5 more tech breakthroughs in access, power, control

20.09.2011

Wireless power: Electricity in the air

More than a century ago, electrical genius Nikola Tesla performed pioneering research and development on many of the things we take for granted today, from X-rays and alternating current electricity to efficient motors and generators and the precursors of radio. But when he turned his vivid imagination to sending electricity over the air with radio waves to power all sorts of devices and appliances without cords, it was an .

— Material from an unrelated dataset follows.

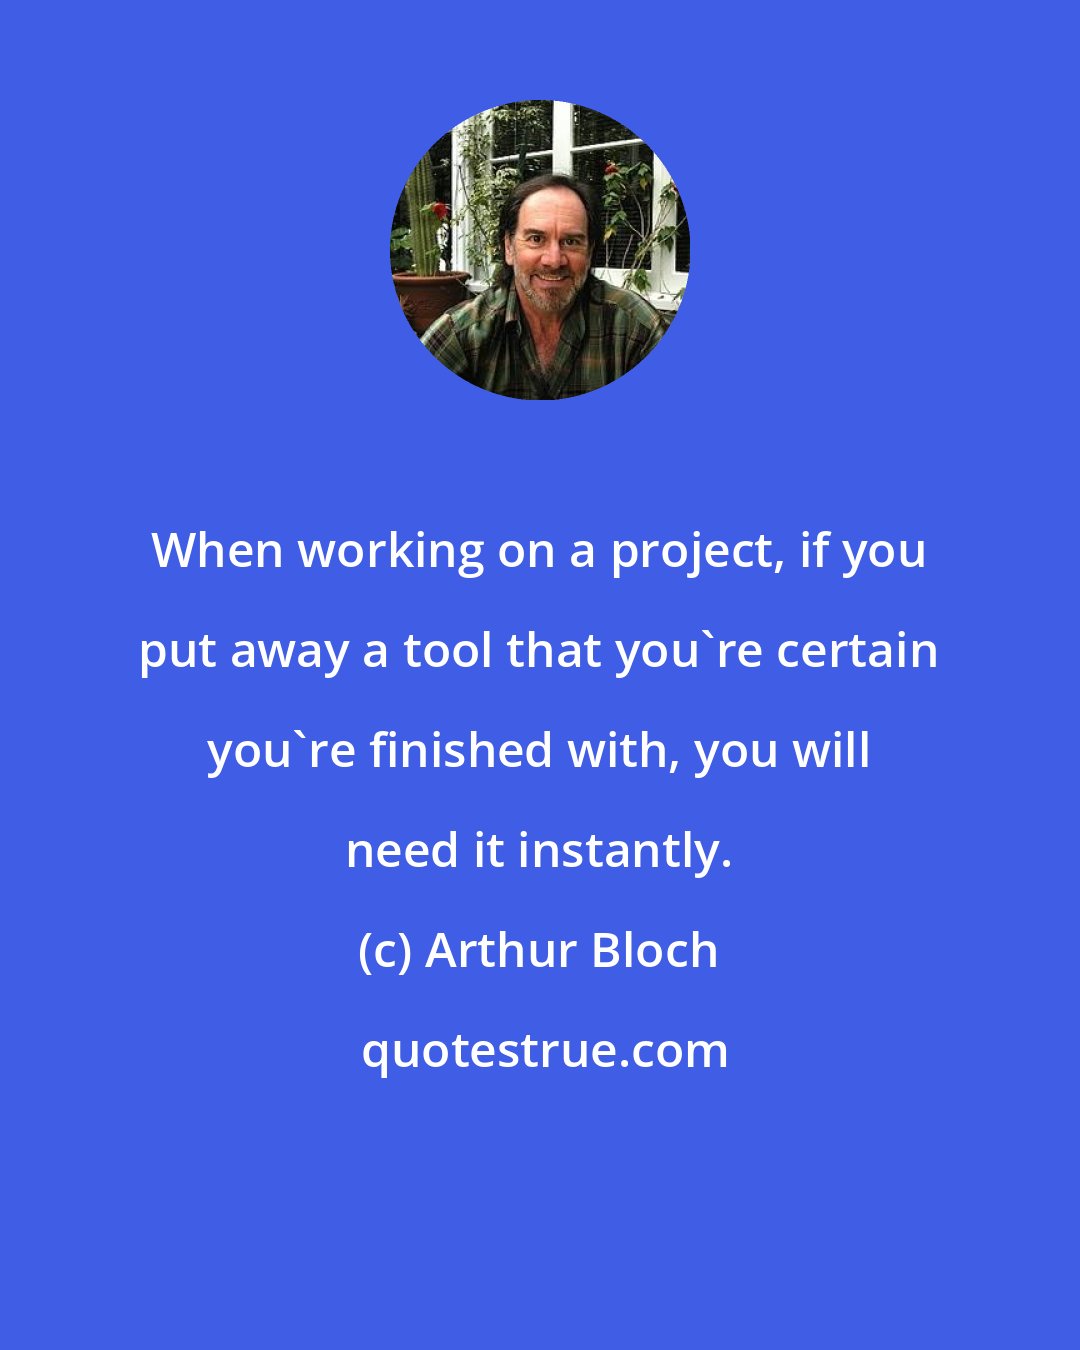 Arthur Bloch: When working on a project, if you put away a tool that you're certain you're finished with, you will need it instantly.

Fast-forward to the present, where a company called Powercast is doing just what Tesla dreamed of: transmitting power via radio waves. "In a real sense, we're picking up where Tesla left off," says Harry Ostaffe, vice president for marketing and development at the Pittsburgh-based vendor. "We are sending power over the air for devices where it is expensive or inconvenient to change batteries."

Called power harvesting, the technique uses the company's book-size Powercaster transmitter to send either 1 or 3 watts of electricity into the air at the 915MHz radio frequency. At the receiving end, the power is pulled from the air by one of the company's Powerharvester chips, which convert RF energy to DC power.

At the moment, Powercast has two chips: One works best at close range and puts out up to 4.2 volts of continuous electricity for directly powering a very low-power device or charging a battery. The other can be used at longer distances from the transmitter to create an intermittent pulse of up to 5.25 volts for directly powering a low-power device.